(Data provided begins)
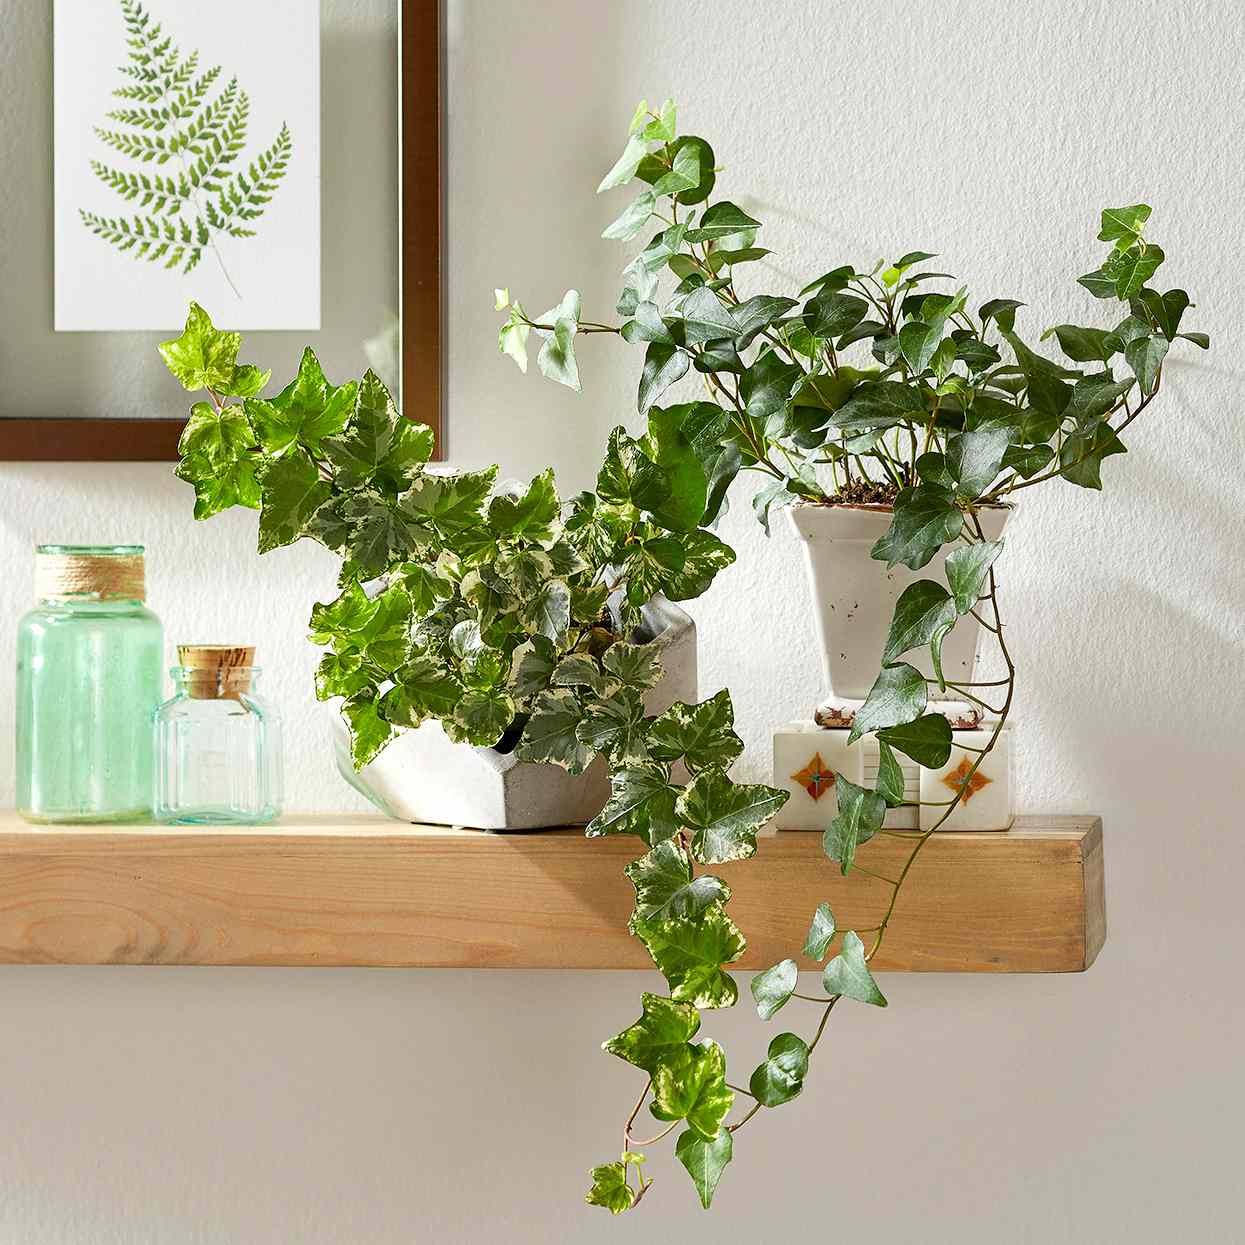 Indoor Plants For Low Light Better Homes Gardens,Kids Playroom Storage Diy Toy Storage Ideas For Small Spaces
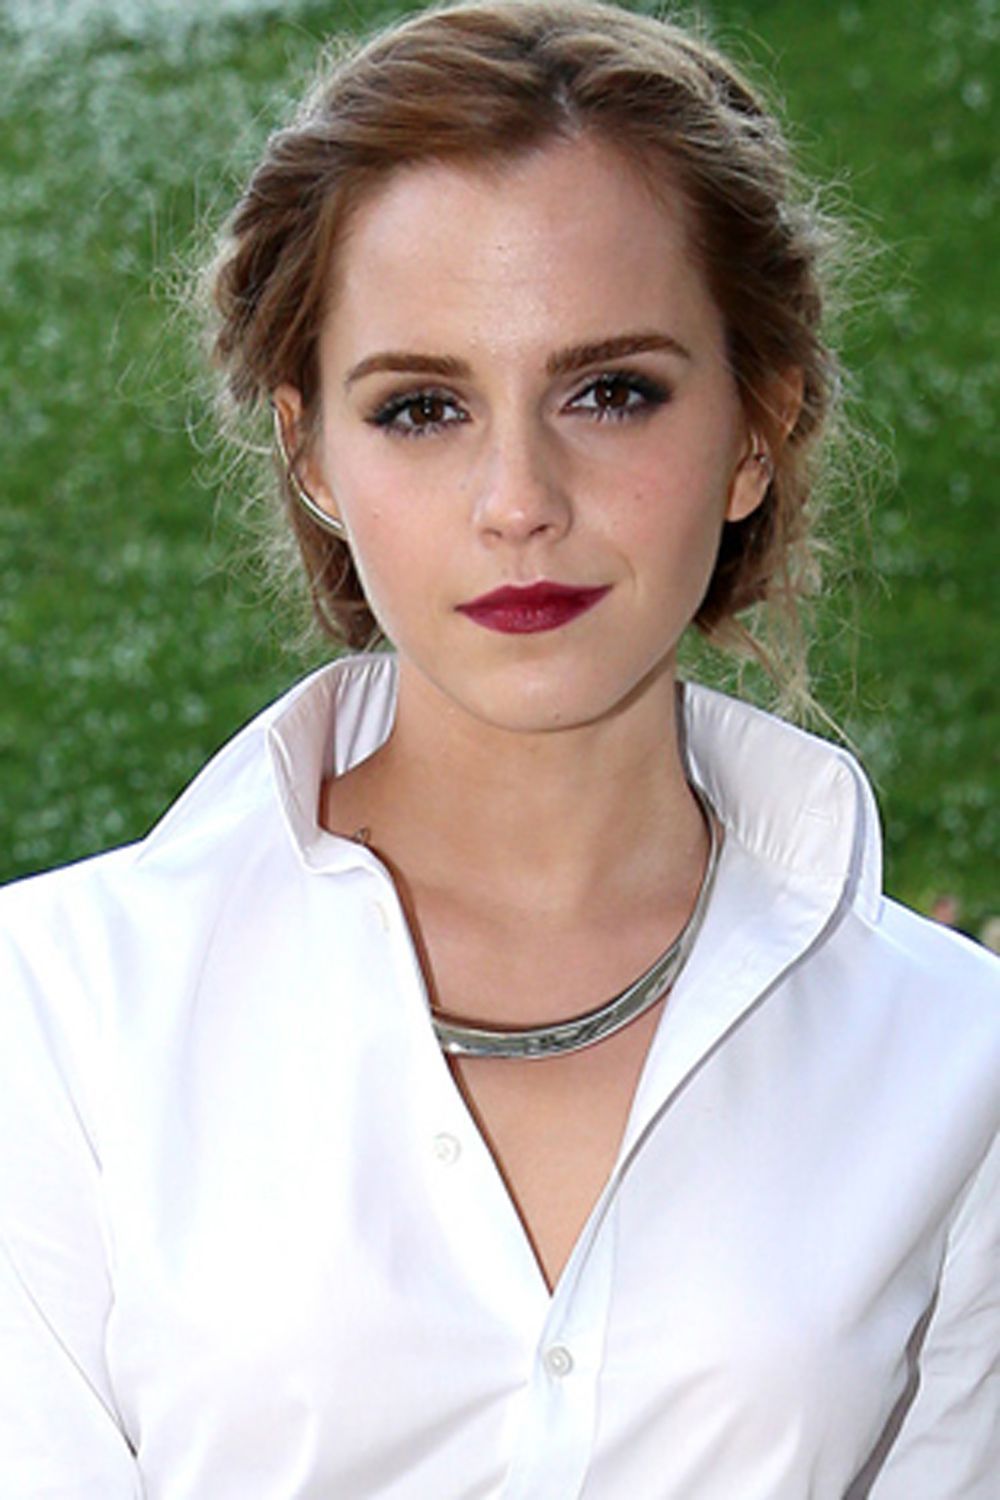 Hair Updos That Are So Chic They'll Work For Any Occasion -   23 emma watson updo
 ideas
(Data provided ends)
Copy out all the data without changing anything, and drop the pictures.

 Indoor Plants For Low Light Better Homes Gardens,Kids Playroom Storage Diy Toy Storage Ideas For Small Spaces
 Hair Updos That Are So Chic They'll Work For Any Occasion -   23 emma watson updo
 ideas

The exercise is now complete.